Estoy del lado de Jardiel Poncela cuando nos previene de que la vida del Rajá no es tan lujosa y esmaltada como supone el proverbio, y que en sus facturas la cuota de incomodidades y de desengaños logra cifras mayores que la de ventajas. Ser gobernante resulta más triste y amargo de lo que nos parece a primera vista: la púrpura pesa más que el lino, a veces el oro hace daño a los ojos, tiene uno que rodearse de animales pérfidos y esquinados que presentan una sonrisa mientras en el interior de sus labios se retuercen los insultos más venenosos. Todos recordamos el cuento del traje nuevo del emperador y la lamentable desnudez con que un pueblo hipócrita hizo desfilar a su monarca por empeñarse en no contradecirle. Las familias reales viven solas, aisladas entre el alabastro de sus palacios, protegidas por el estuco, los entorchados, las rosas y los estanques del mundo auténtico que se desenvuelve fuera. No en vano Midas era rey, de Frigia para ser exactos: incapaz de desprenderse de la nobleza de su cuna iba engrandeciendo todo cuanto tocaba, iluminando los rincones oscuros con su presencia, ascendiendo al plomo y la herrumbre al puesto de oro. Quieran o no, todos los gobernantes padecen la enfermedad de Midas: jamás podrán presenciar una calle desnuda, un colegio con desconchones, una niña mal peinada; su mirada sola, como la del basilisco, tiene poder para afectar las cosas y las volverá de inmediato más lustrosas, distinguidas y tersas de lo que lo eran antes de su llegada.
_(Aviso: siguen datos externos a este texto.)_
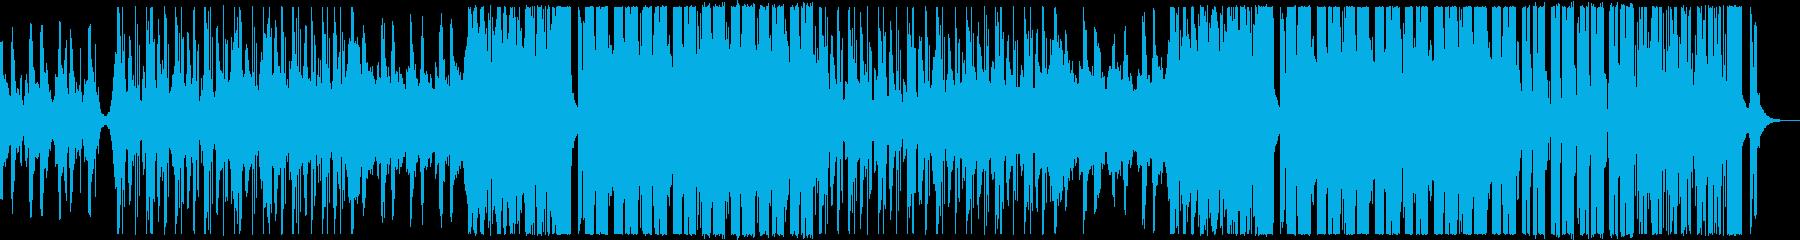 感傷的で浮遊するフューチャーポップ。の再生済みの波形
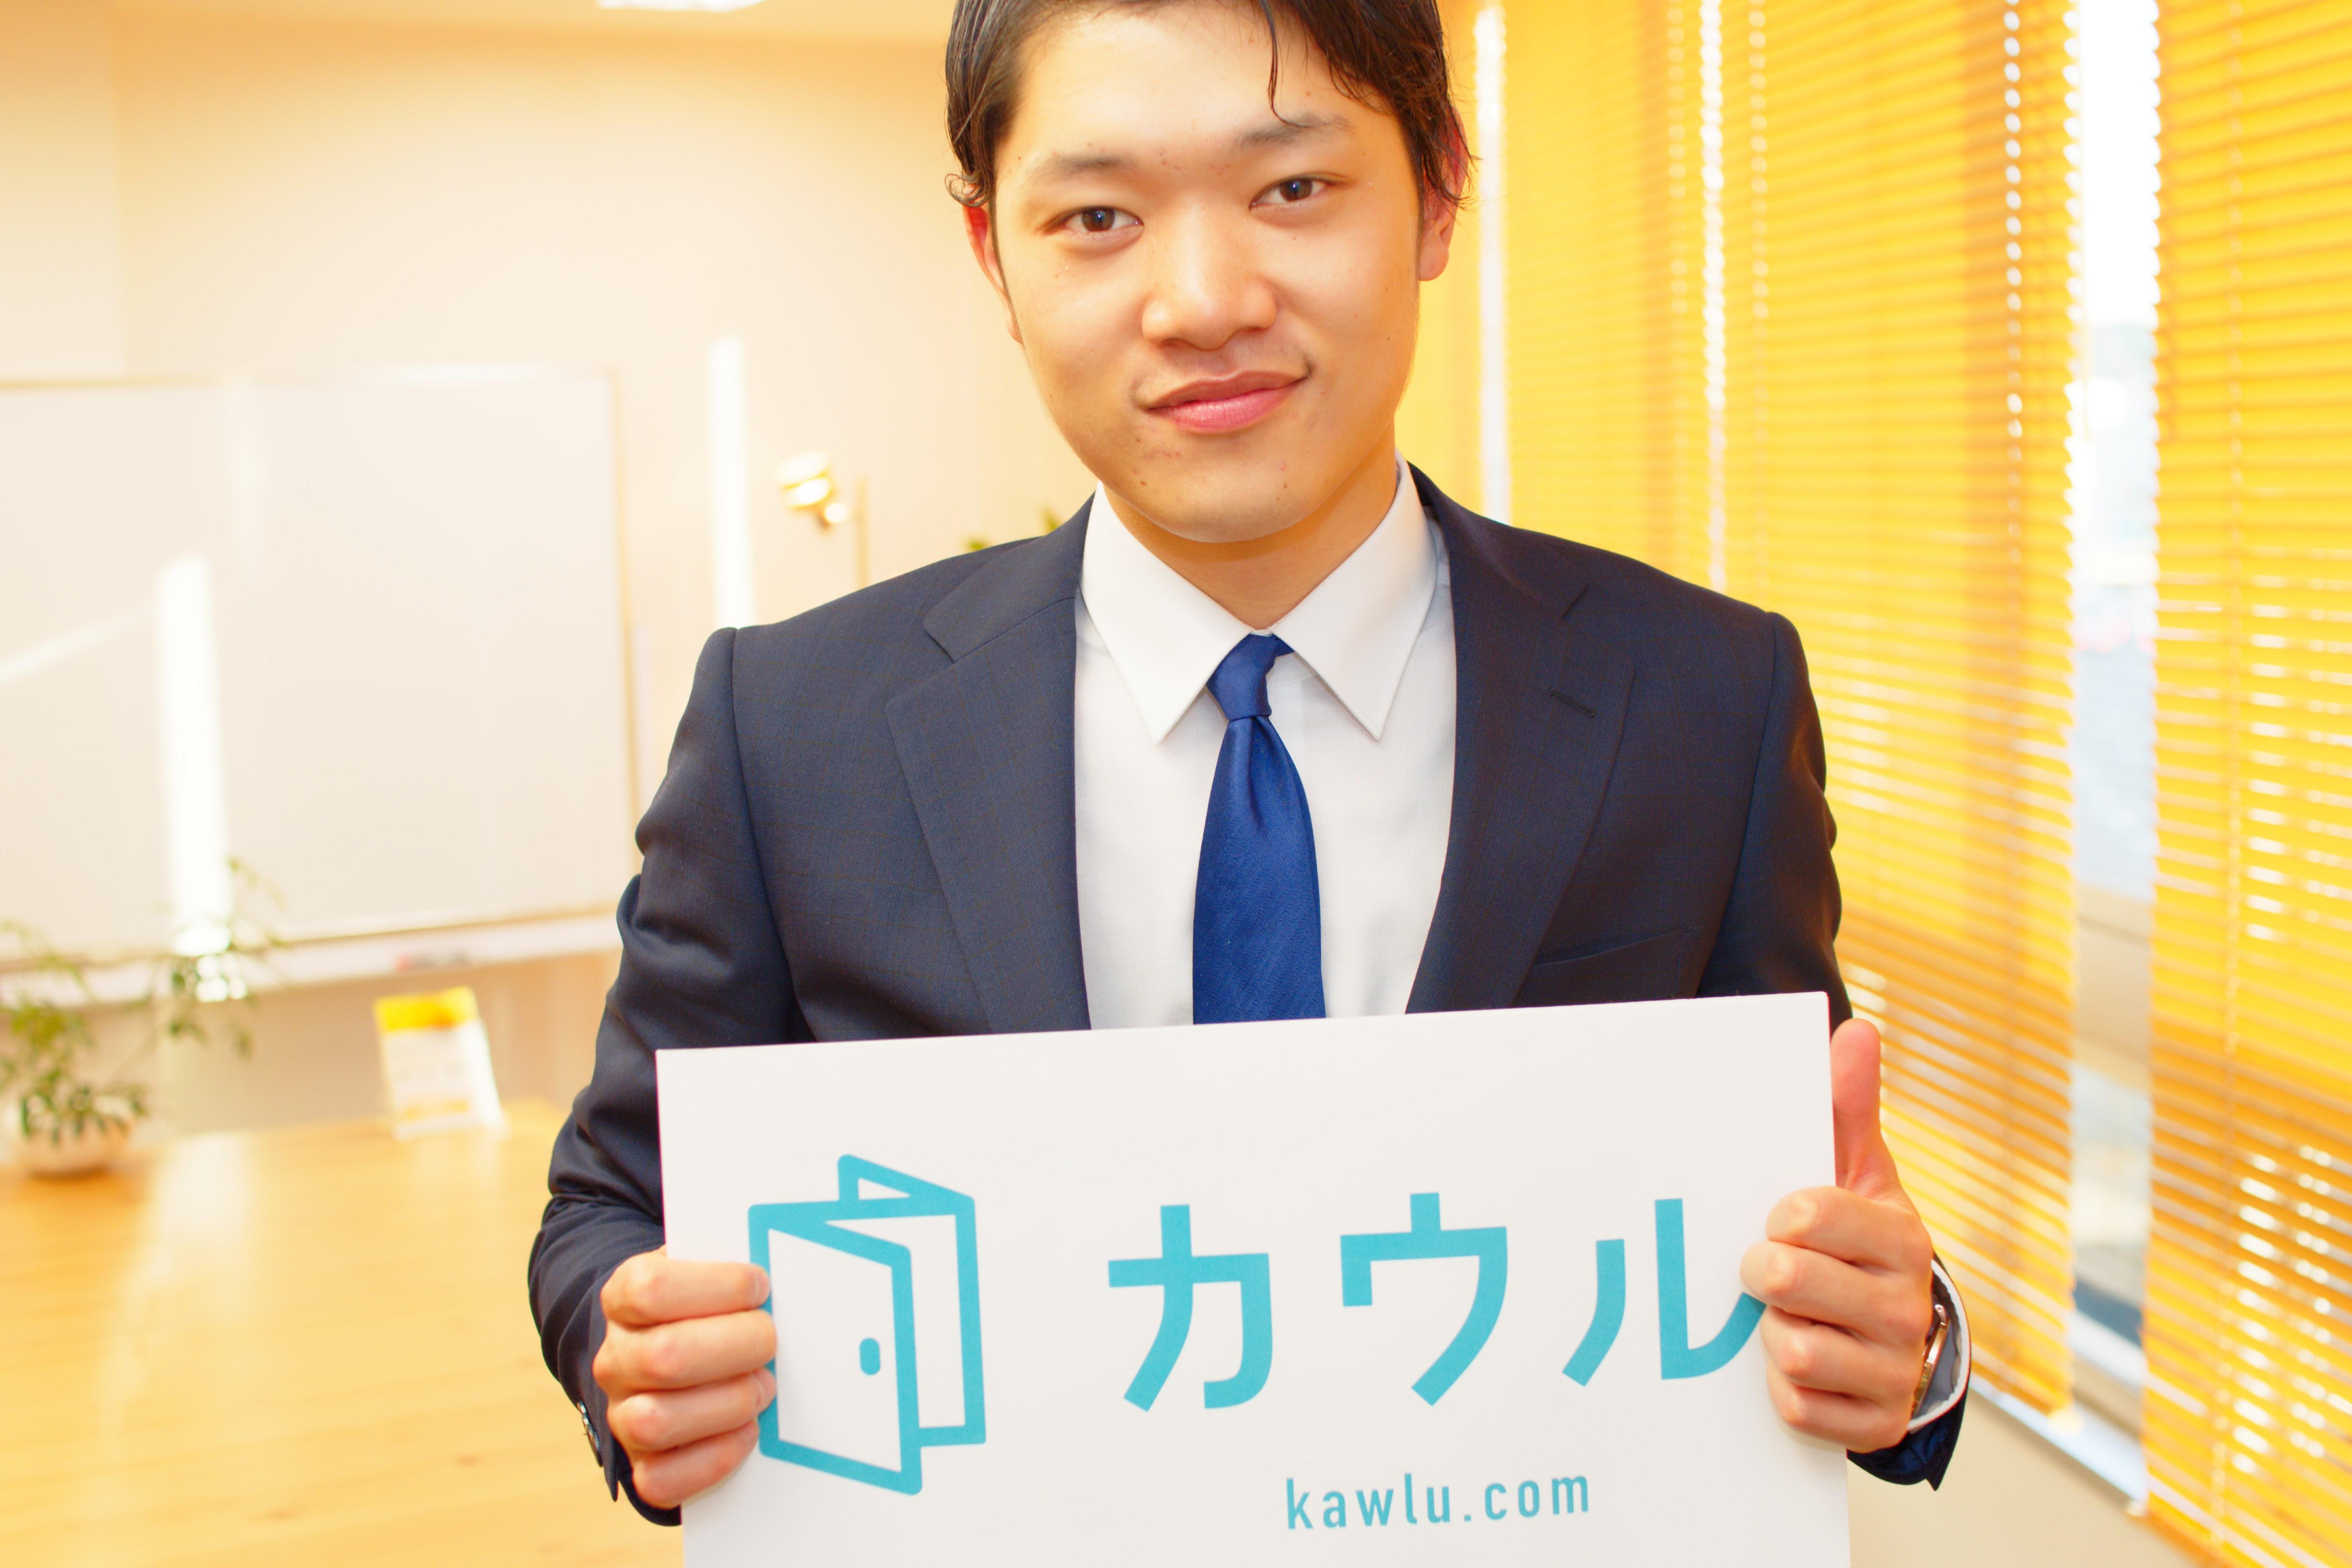 石橋 優太朗:社員紹介インタビュー

Pobre Felipe, príncipe nuestro, que desemboca en las Tres Mil Viviendas y el Polígono Sur y se encuentra con un instituto modélico, jóvenes que le jalean y un pueblo desafortunado pero paciente que sale a recibirle con los brazos abiertos. Nada de suciedad ni de escombros; erradicadas las jeringuillas y el hambre, fuera las manchas en la pared y los despojos humanos que en las esquinas de los edificios ejercen el sacerdocio de la heroína. Aunque nos parezca mentira, yo creo que el príncipe saldrá un poco escamado de su visita a los infiernos, preguntándose por qué le habrán pintado el panorama con tantos tonos ocres y turbios cuando los pomos de las puertas relucían con tanto esplendor, y ya en el coche oficial tal vez se pregunte si no le están engañando: si Chaves y Monteseirín no habrán ordenado limpiar a conciencia los albañales de los alrededores con motivo de su visita y no habrán retirado todo testimonio doloso que importune la claridad de sus pupilas. Y, quién sabe, quizá Felipe se entristezca y maldiga su suerte, y desee contemplar de una maldita vez las cosas tal y como son, sin filtros, sin ambages, sin cristales que las vuelvan más suaves y tenues y sólidas. Será como aquel otro príncipe, el Gautama de las leyendas orientales, al que su padre recluyó en un palacio para que no se sobresaltase con las miserias de la Tierra; un día, el príncipe se dio a la fuga y descubrió aterrado que existían ancianos, enfermos, pobres y desamparados, y que la vida era una habitación mucho más vasta y sórdida de lo que había supuesto en su ignorancia. Tal fue la impresión que el príncipe se cortó la trenza con un machete y se fue a ayunar al desierto para fundar una religión. Que alguien le explique algo a nuestro Felipe: ninguno queremos verlo cargado con una túnica azafrán, pobrecito.